Skoro mowa o wiodącej bohaterce Joannie, to dodam, że nie polubiłem jej całkowicie i bezwarunkowo. Jest kobietą wkurzającą, irytującą, zapatrzoną w siebie. Ale tak jest, gdy się ocenia człowieka na zimno, z dystansu. Trudno powiedzieć, jak zachowałby się każdy z nas w jej sytuacji, czy potrafilibyśmy utrzymywać jasność myślenia, powściągać emocje, nie reagować impulsywnie i nerwowo. Czasami miałem wrażenie, że jest po prostu straszliwą egoistką, nastawioną wyłącznie na siebie, nie przyjmującą niczyich racji. Ale jak mówię – czasami! Bo zaraz mitygowałem się, że przecież ta kobieta przeszła przez piekło, miała prawo do takich zachowań. Była matką, której odebrano najcenniejszy skarb, czteroletnią córeczkę jedynaczkę. A kiedy z nadmiaru wrażeń pękł jej w głowie tętniak i wylądowała w szpitalu, dostała po dojściu do siebie urnę z prochami dziewczynki i informację o numerze kwatery na lokalnym cmentarzu. Później był jeszcze rozwód i w następstwie wszystkich wydarzeń ciężka depresja, okupiona fizycznym wyniszczeniem i myślami samobójczymi. Utrata dziecka, pięć faz żałoby, potworny ból… Joanna miała prawo irytować otoczenie i nadużywać zaimka „mój, moja, mojego” w myślach, mowach i uczynkach. Cud, że się jakoś pozbierała i podjęła decyzję o zamknięciu tego rozdziału życia.
Książka Agaty Kunderman zaczyna się w momencie, gdy Aśka dopina ostatnią walizkę i chce zamknąć za sobą drzwi do pustego mieszkania. Nie całkiem pustego – tylko pokój jej ukochanej Tosi został taki jak za życia córeczki, prawie skansen.

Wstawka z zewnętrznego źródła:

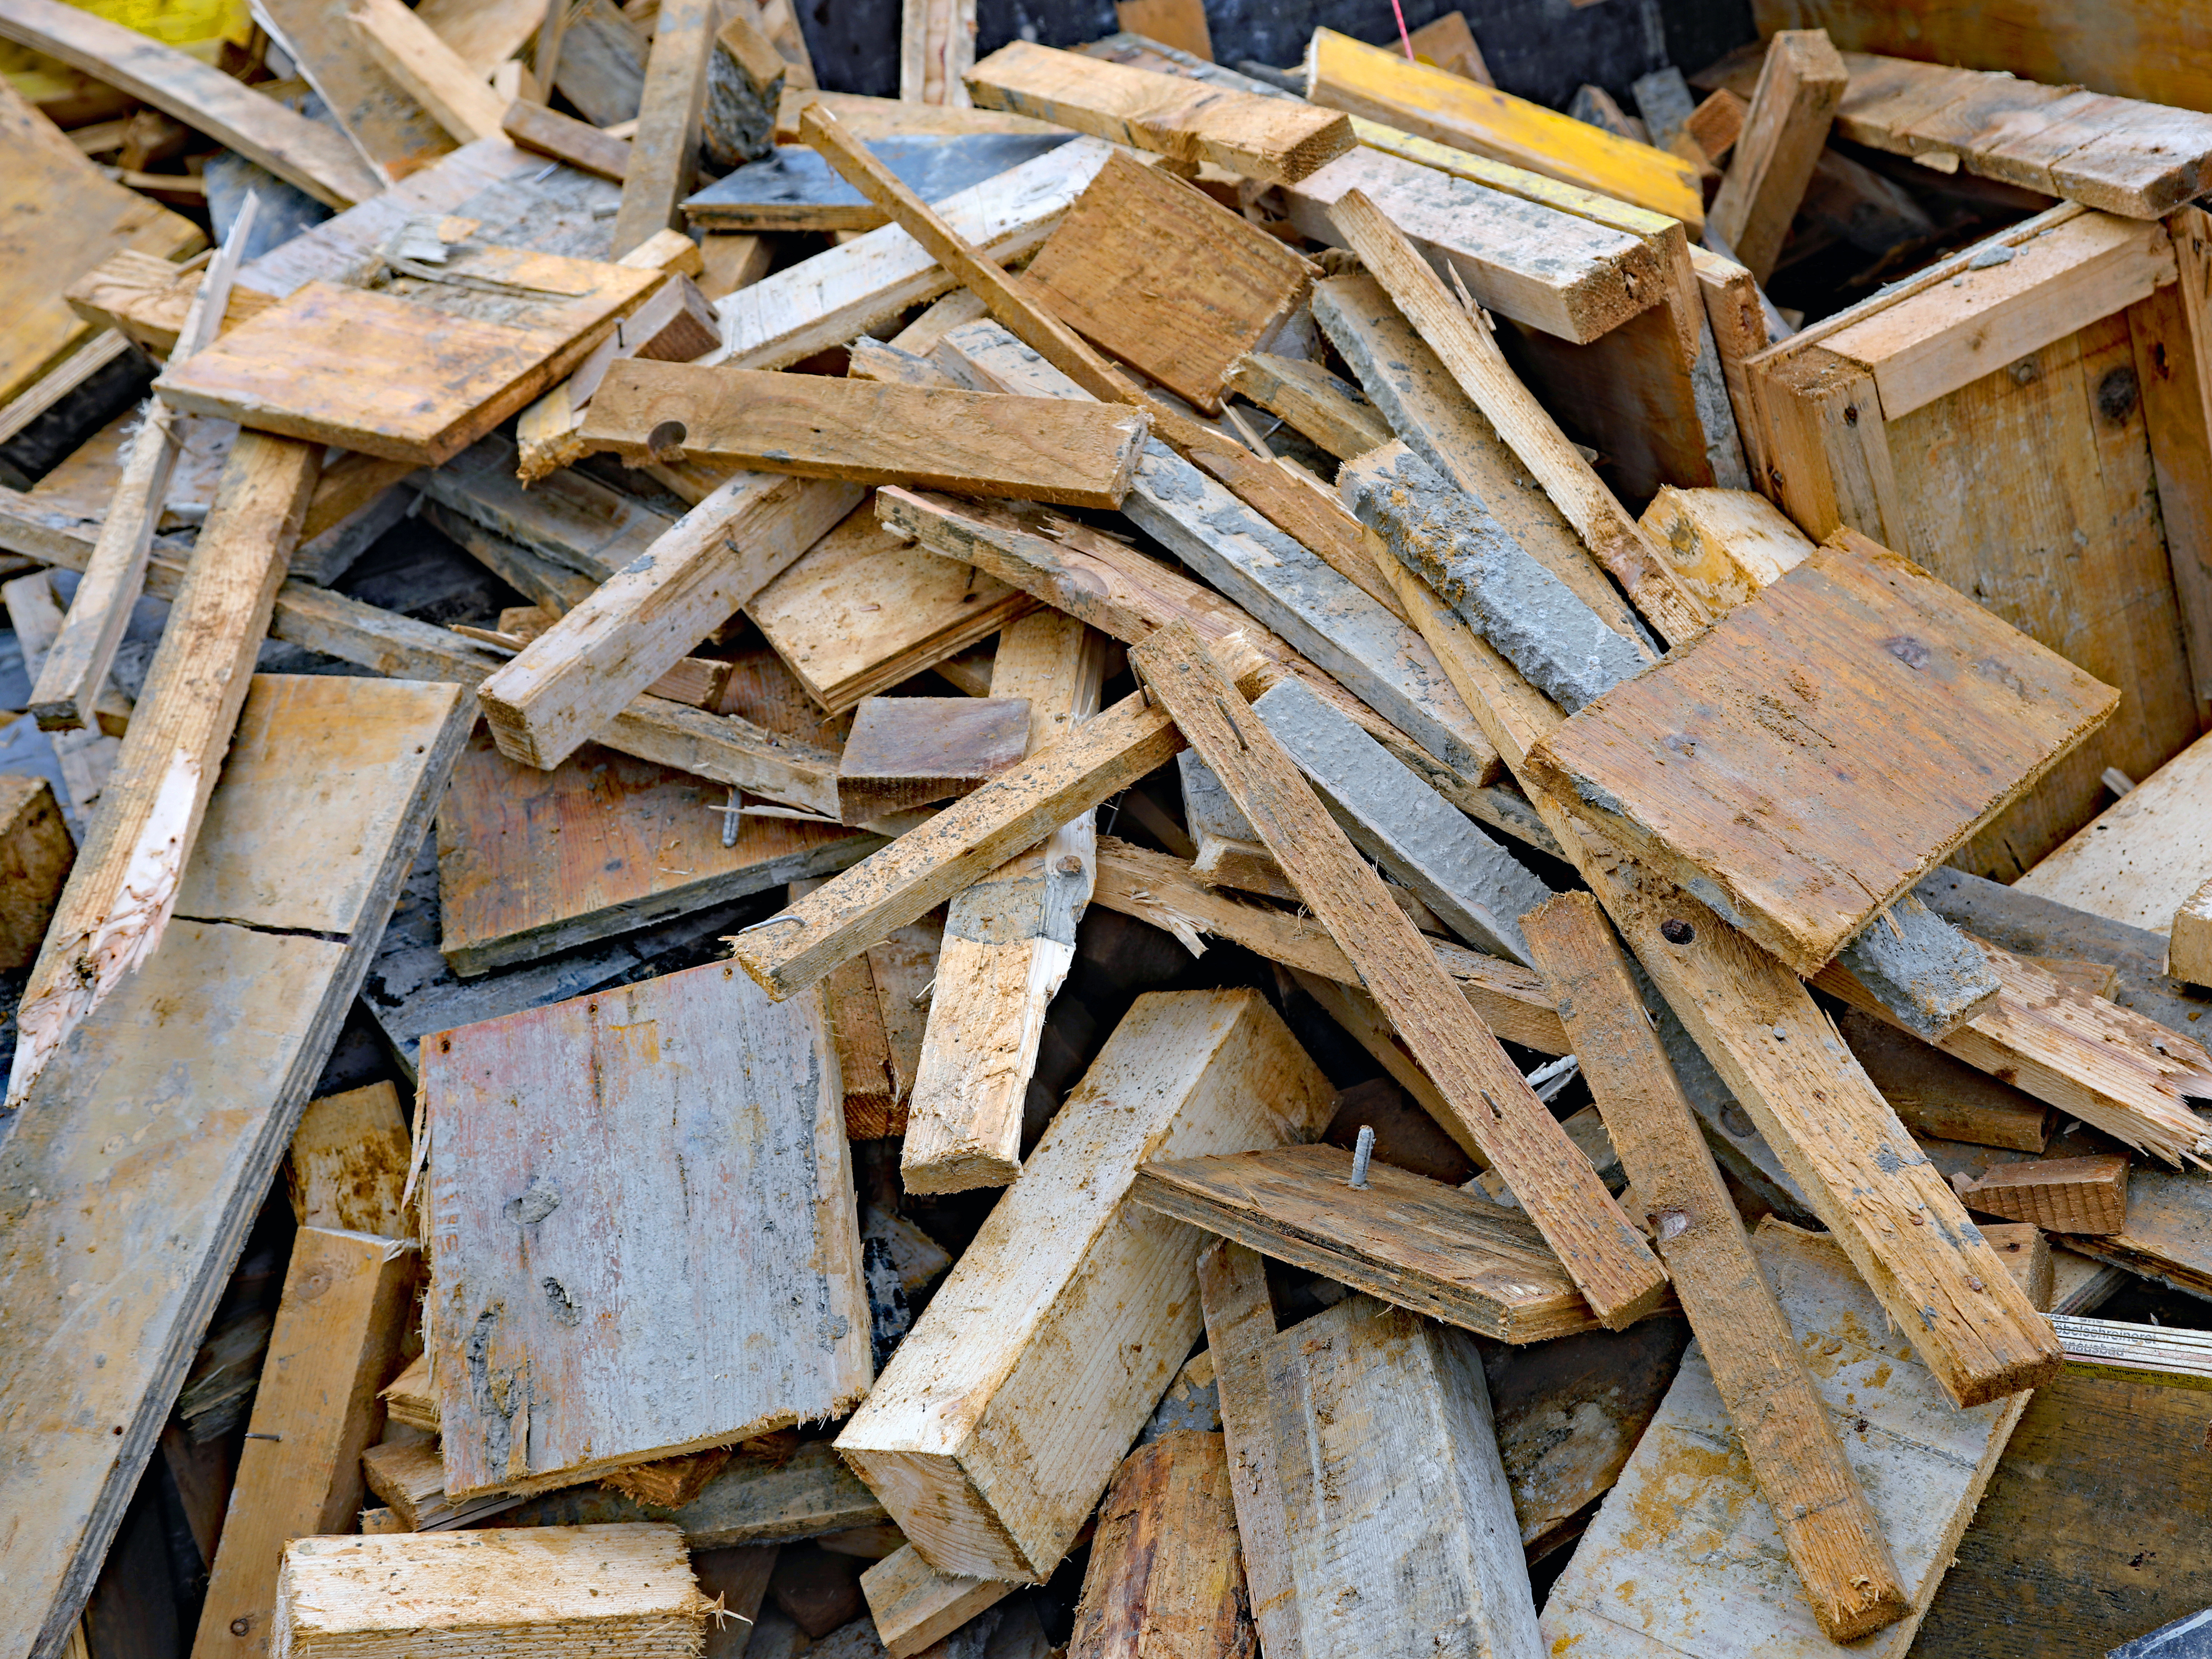  Rund die Hälfte des Holzes wird hierzulande energetisch genutzt. Foto: Adobe Stock

Ale ona, matka, nie miała siły tam wchodzić, patrzeć na rzeczy dziecka, przeglądać rysunki, szukać zapachu Tosi w ubrankach i zabawkach. Zdecydowała się opuścić Wrocław i rozpocząć dzięki koleżance wszystko od nowa w Poznaniu, w nowej pracy, w innym otoczeniu. Pewnie każdy w takiej sytuacji zrobiłby coś podobnego, gdyby tylko mógł. Joanna mogła: straciła nie tylko córeczkę, lecz także męża Andrzeja, znajomych, przyjaciół. Po ogromnej tragedii i trzech druzgocących latach nic już nie trzymało jej w mieście.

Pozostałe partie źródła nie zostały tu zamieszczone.